Visualizing Overviews Using Rasterio¶
Here we will visualize the overviews of the blue, green, and red bands of two sample COGs with an AOI centered around midtown Manhattan.
import rasterio
import os
import matplotlib.pyplot as plt
from rasterio.plot import show
import numpy as np
%matplotlib inline
def generate_overviews(image):
with rasterio.open(image) as src:
# Iterate over the blue, green, and red bands
for band in src.indexes[:-1]:
# Get list of overview levels for the band
cog_overview = src.overviews(band)
# Iterate over each level in reverse order
for i in range(len(cog_overview)-1, -1, -1):
overview_image = src.read(band, out_shape=(int(src.height/cog_overview[i]), int(src.width/cog_overview[i])))
# Apply a boolean mask to convert all 0 values in the array to nan
overview_image = overview_image.astype(float)
overview_image[np.where(overview_image==0)] = np.nan
# Plot each overview
plt.figure(figsize=(20, 15))
plt.xlabel("Columns", fontsize=20)
plt.ylabel("Rows", fontsize=20)
plt.title('Overview: Band: {} -- Zoom Level {} -- Modified height: {}, Modified Width: {}'.format(band, cog_overview[i], overview_image.shape[0], overview_image.shape[1]), fontsize=20)
plt.imshow(overview_image)
plt.show()
# Can replace with any sample COG of your choosing
analytic_image = os.getcwd() + '/20210514_145807_70_2455_3B_AnalyticMS.tif'
visual_image = os.getcwd() + '/'+ '4478803_1857818_2021-05-14_227b_RGB_Visual.tif'
Let's take a look at the analytic image.

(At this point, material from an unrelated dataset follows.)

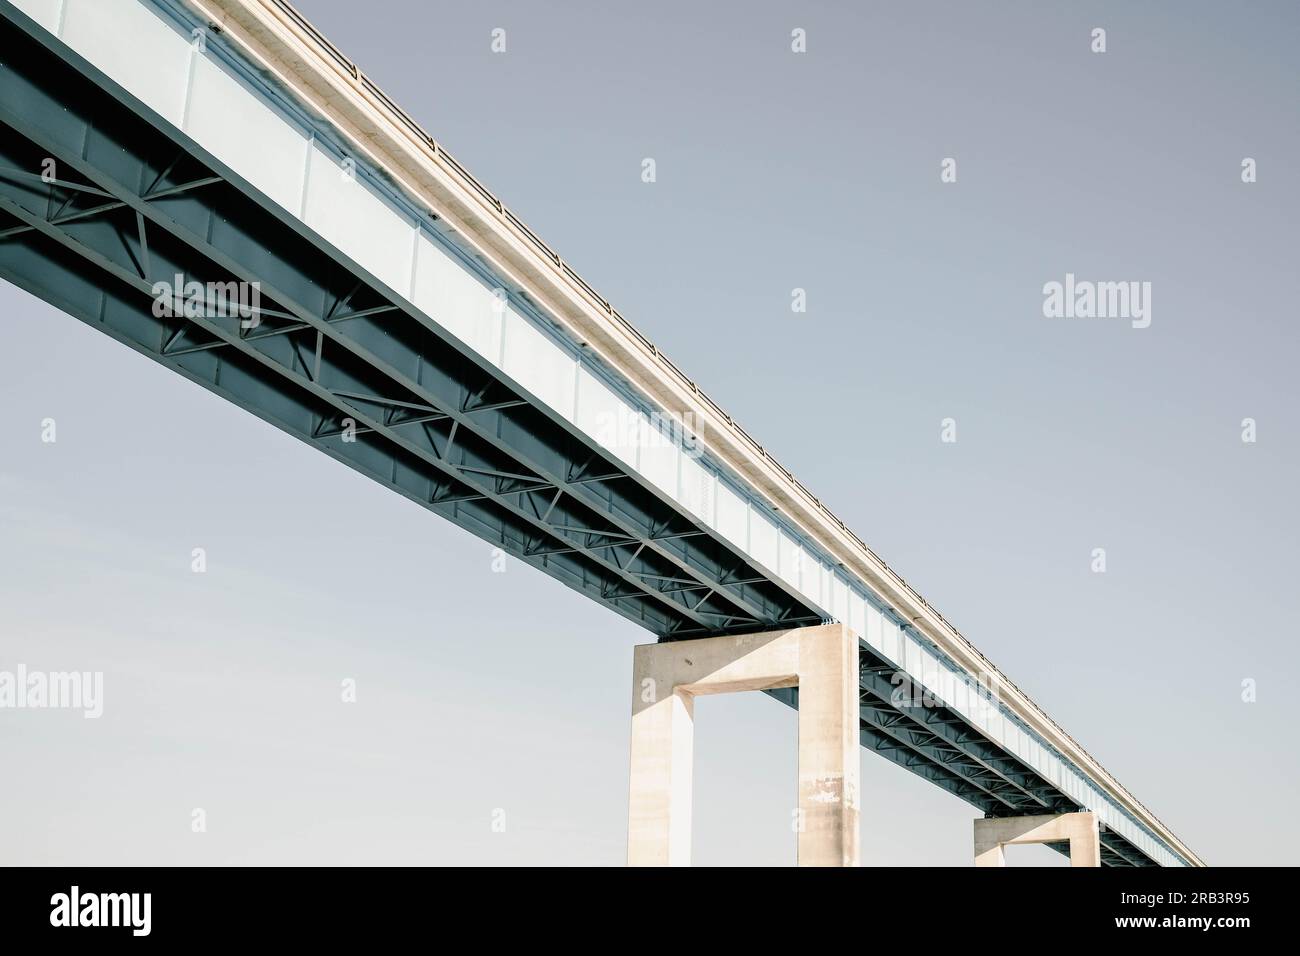 A Tall Bridge in Southern Texas Stock Photo

For each band, we are taking a decimated read of the image at the different overviews, or zoom factors(often seen in factors of 2). We can see the image transition from from a quite detailed view to a progressively coarser, less refined resolution. The visual effects become most noticeable at the highest overview level.
overviews = generate_overviews(analytic_image)